Univariate logistic regression was done. The outcome variable was AFC group (Normal/Poor reserve). Here age was the only factor which was associated with the outcome variable. (Table 9) If there was a one unit increase in age then the odds of being in the poor reserve group increased by 1.12 units with the 95% CI (1.04–1.208) which does not include 1 in the CI. Also the P value is statistically significant (P = 0.002) (P < 0.05). All other independent factors don’t have any association with the outcome variable. When the behavioral pattern was studied almost 99% women had never smoked. As depicted below in Table 10, current smokers were compared with never smokers. The odds of being in the poor reserve group (based on the AF count) is 26.82 times more for the smokers as compared to non-smokers with 95% CI and the P value is 0.008 (P < 0.05), which is statistically significant. Thus, smoking is one of the determinants of reducing ovarian reserve.

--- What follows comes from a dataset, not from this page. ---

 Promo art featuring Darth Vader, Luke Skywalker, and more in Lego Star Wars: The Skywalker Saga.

The variables such as years of marriage and years of infertility were associated with the outcome variable. If the marriage year has increased by one unit then the odds of being in the poor reserve group increased by 1.104 units with P value = 0.018 (P < 0.05) and it is statistically significant.

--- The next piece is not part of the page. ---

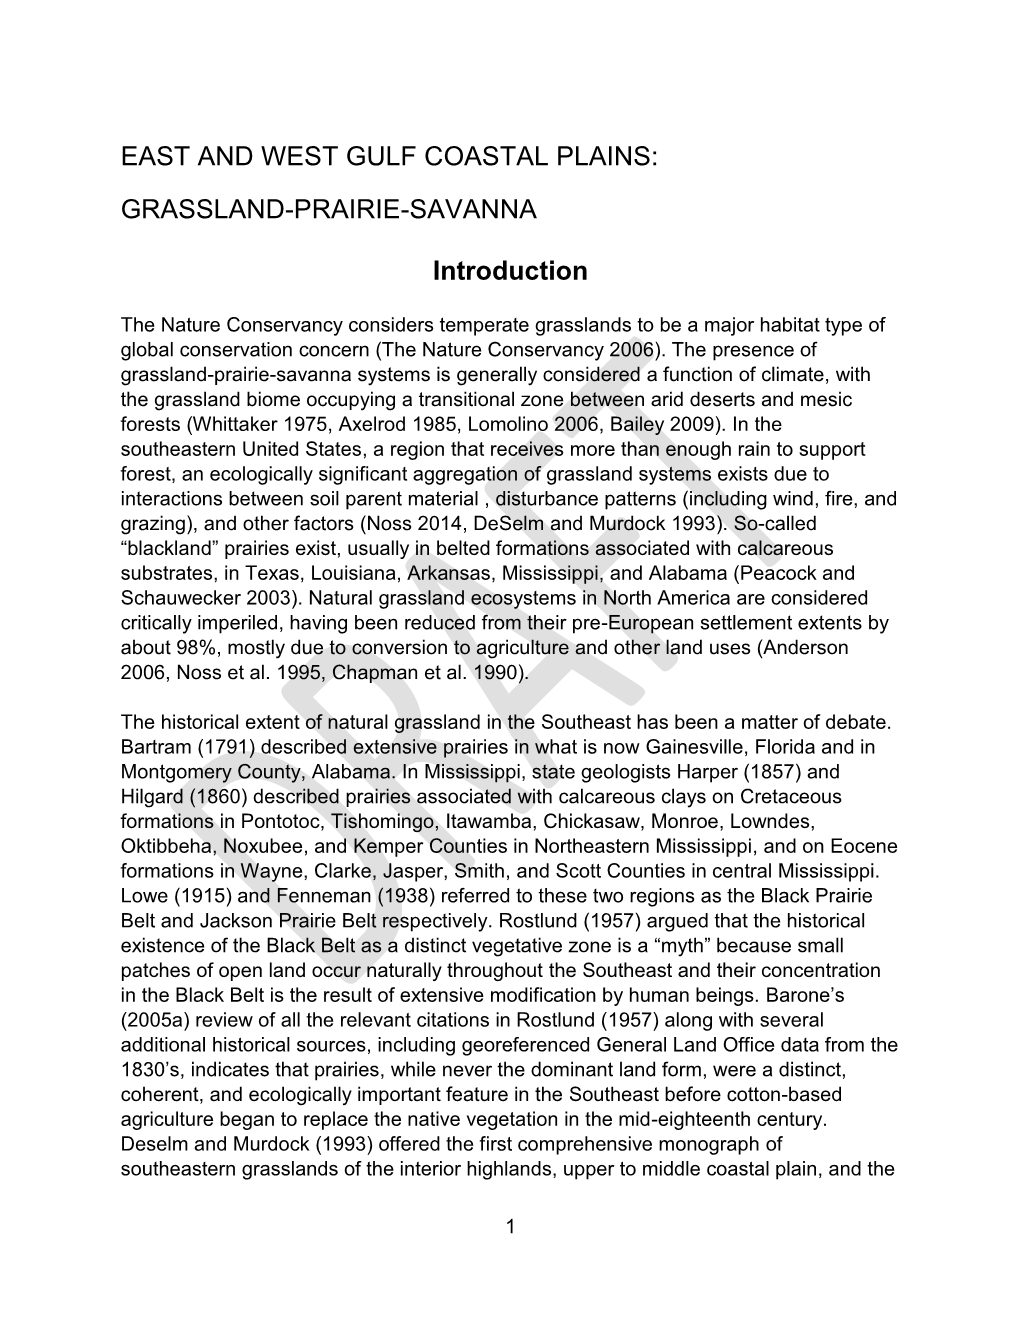 East and West Gulf Coastal Plains: Grassland-Prairie-Savanna

Similarly, if the year of infertility has increased by one unit then the odds of being in the poor reserve group increases by 1.097 units with the significant P value = 0.039 (P < 0.05). All the other variables were not associated with the outcome variable. (Table 11) The other factors like causes of infertility, whether couple had received treatment for infertility have not shown statistical significance when its relation was studied with AFC.
The other factors which were studied have shown no statistical significant impact on antral follicle count and hence the ovarian reserve. In our study there was mixed population ranging from those trying to conceive for first time to multigravidas and cases of multiple abortions who were cases of secondary infertility. In Tables 12, 13, none of the obstetric parameters were associated with the outcome variables of antral follicle count and hence ovarian reserve or vice versa.
Age at menarche was also the factor of importance from ovarian reserve point of view but in our study both age at menarche and pattern of menstrual cycle were not associated with the outcome variable.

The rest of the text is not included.